— Recorded data —

□ □ □

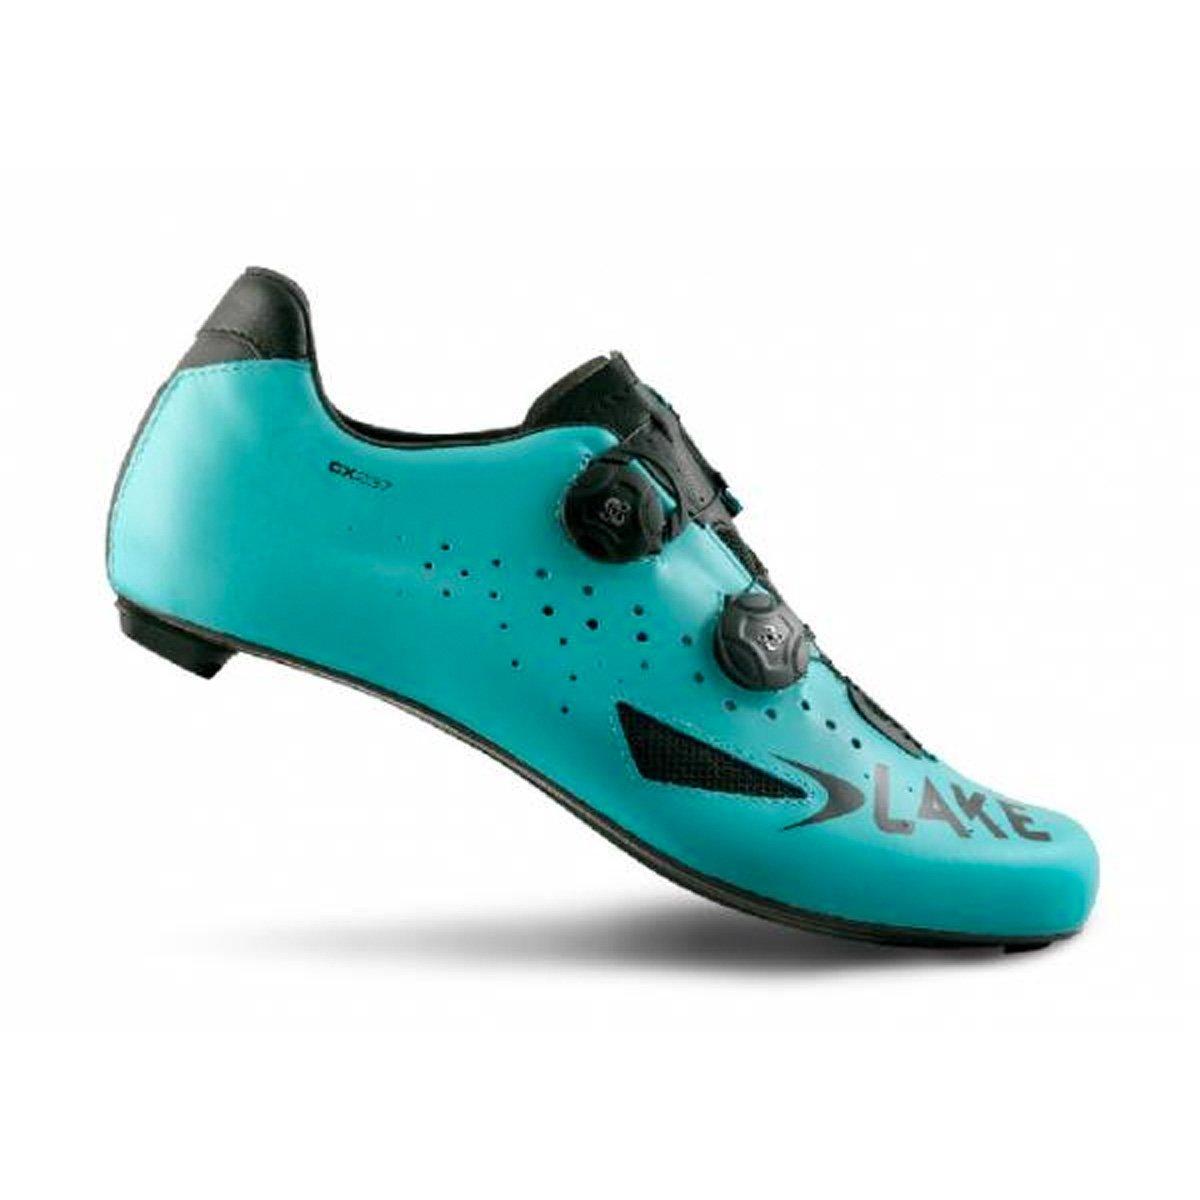 Lake Cycling 2018 Men's CX237 WIDE Road Cycling Shoe - Blue/Black (BLUE/BLACK - 45.5)
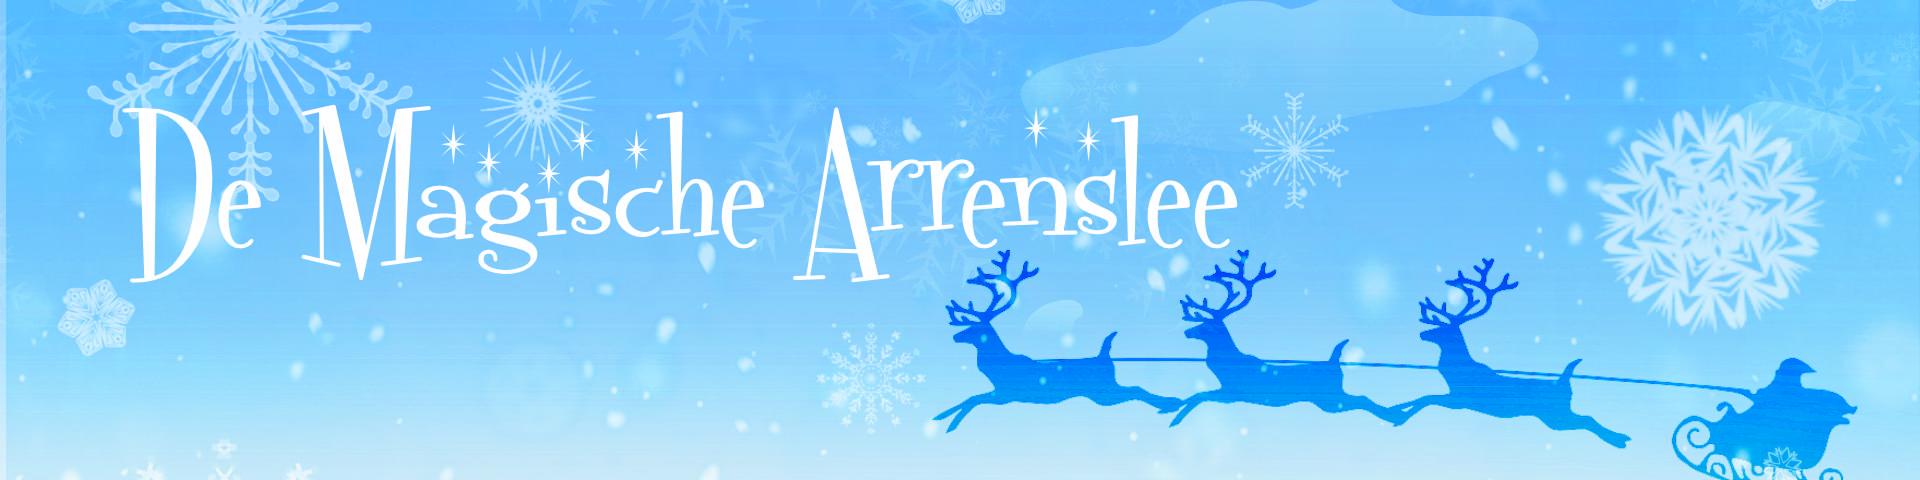 De Magische Arreslee kerstmusical
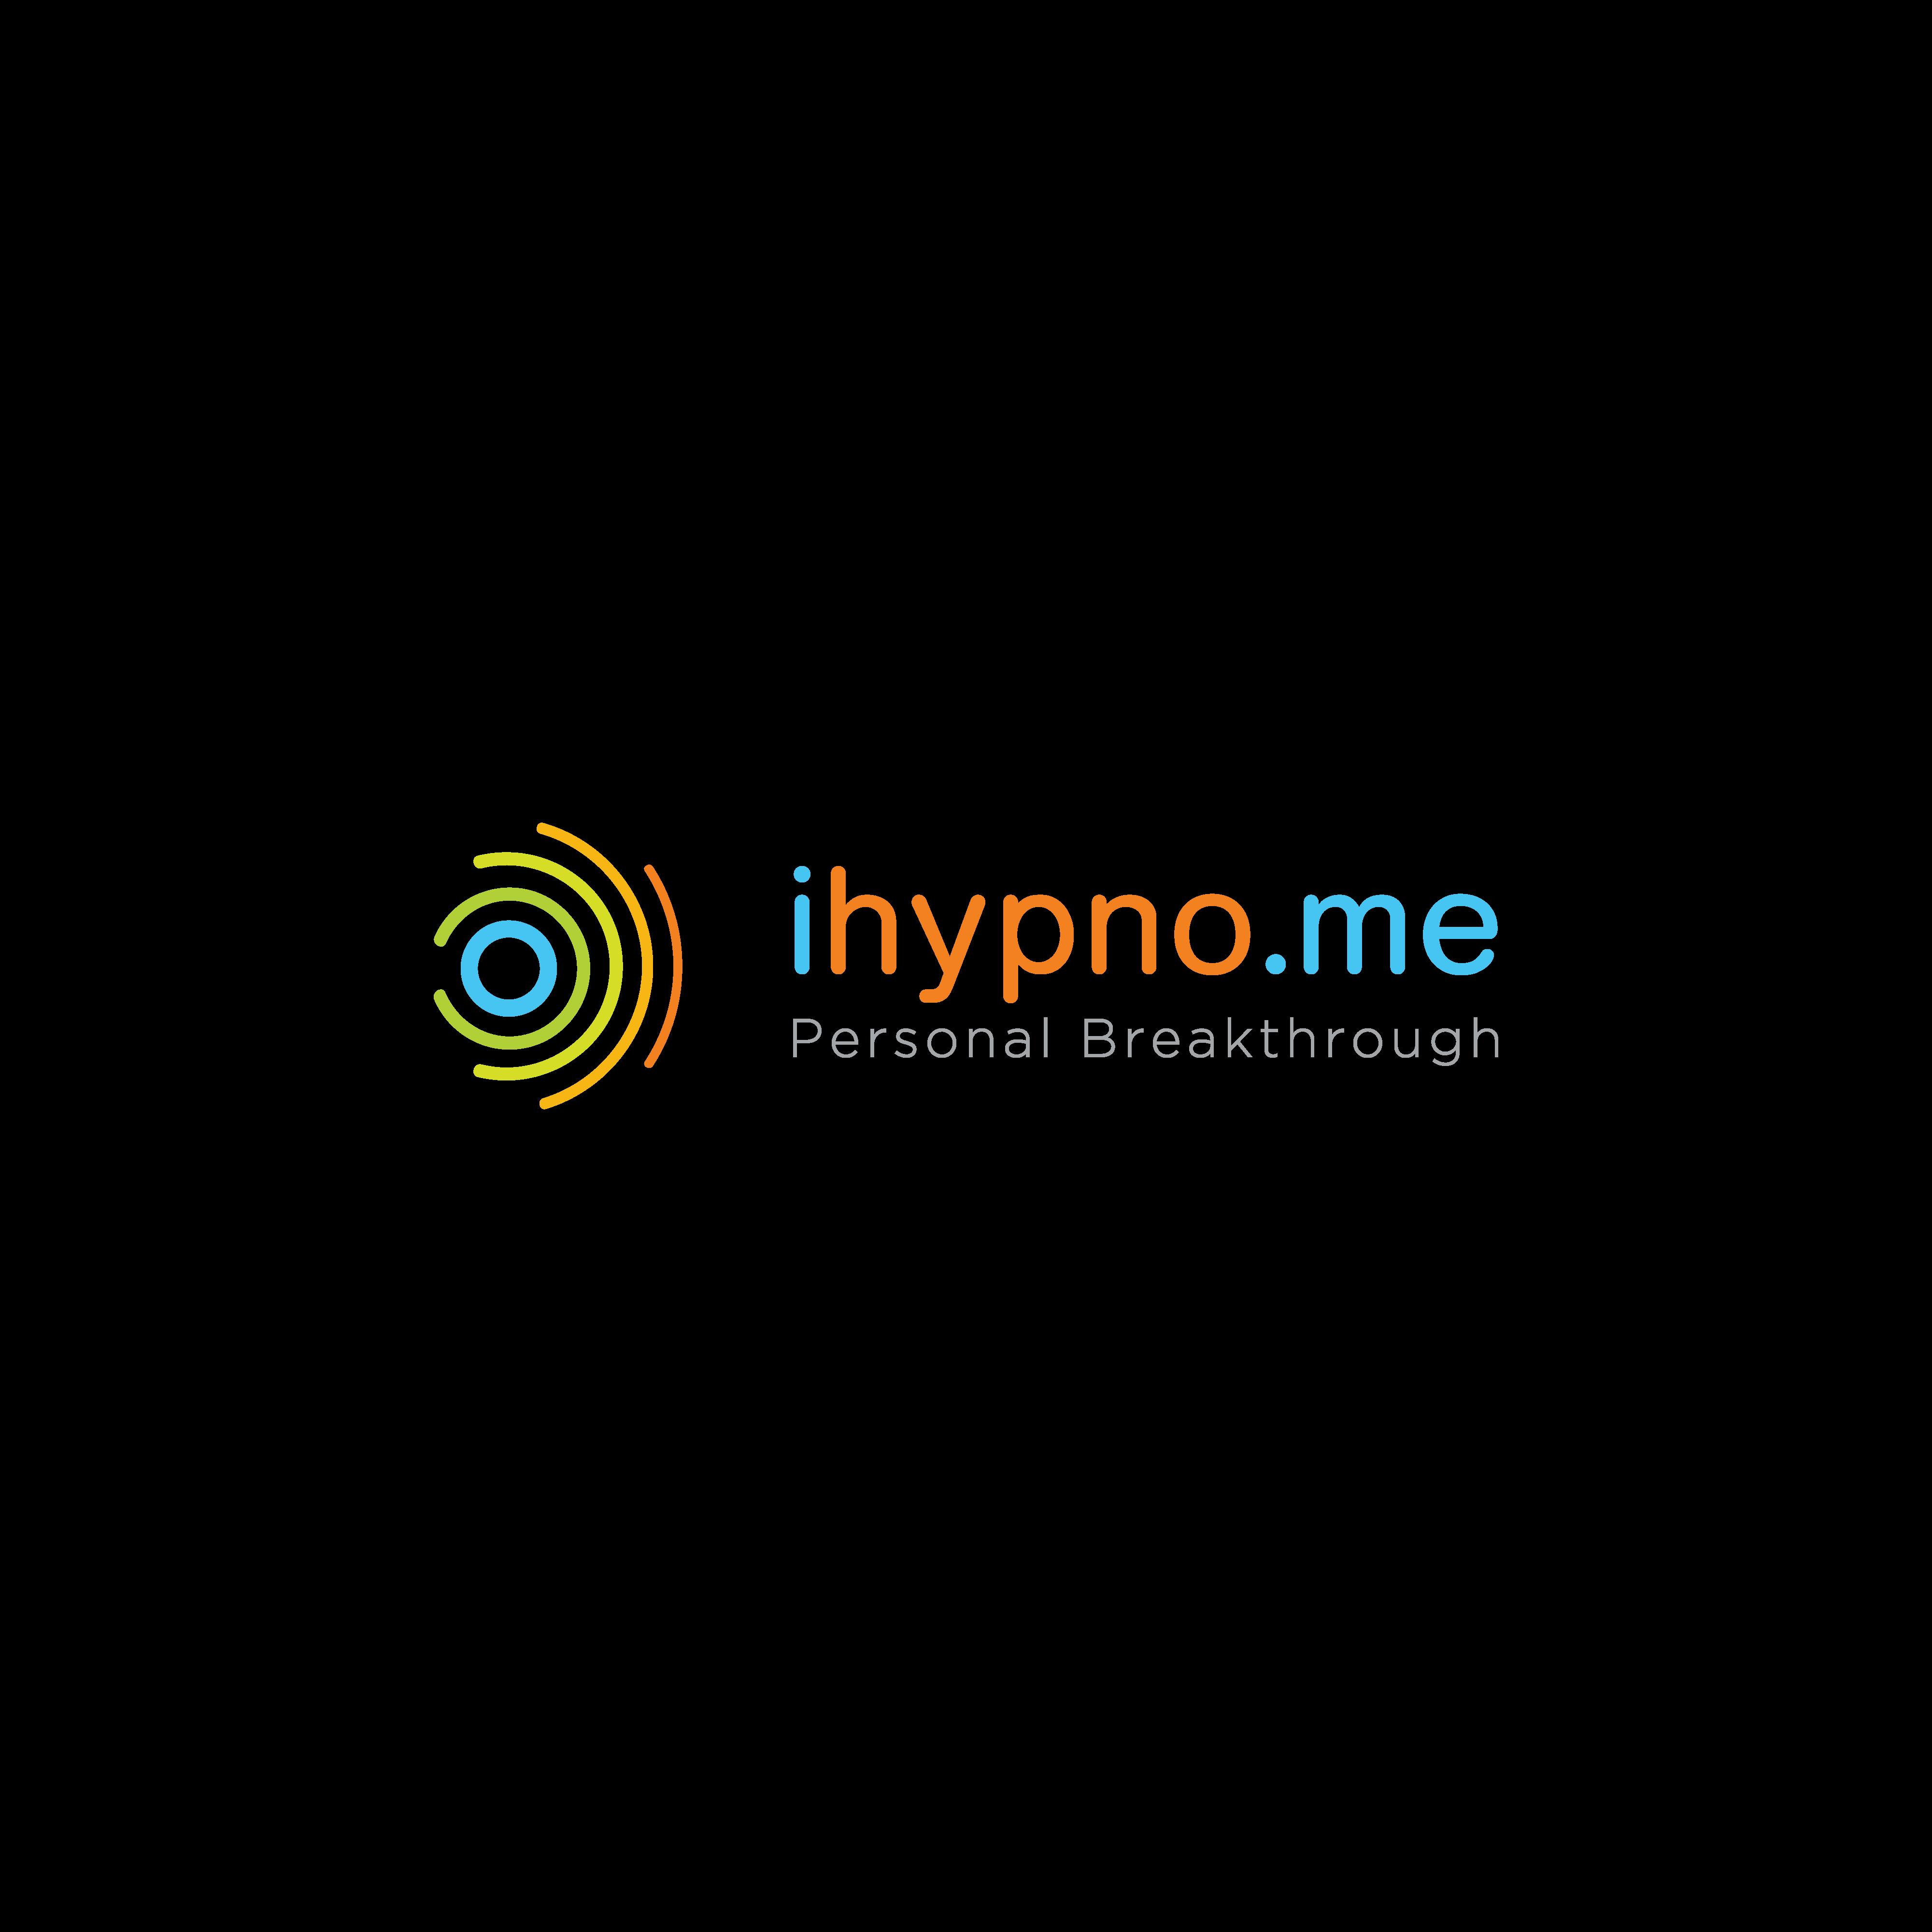 ihypno.com logo and social media package

□ □ □

Give the data above again in full and unchanged, skipping the pictures.

 Lake Cycling 2018 Men's CX237 WIDE Road Cycling Shoe - Blue/Black (BLUE/BLACK - 45.5)
 De Magische Arreslee kerstmusical
 ihypno.com logo and social media package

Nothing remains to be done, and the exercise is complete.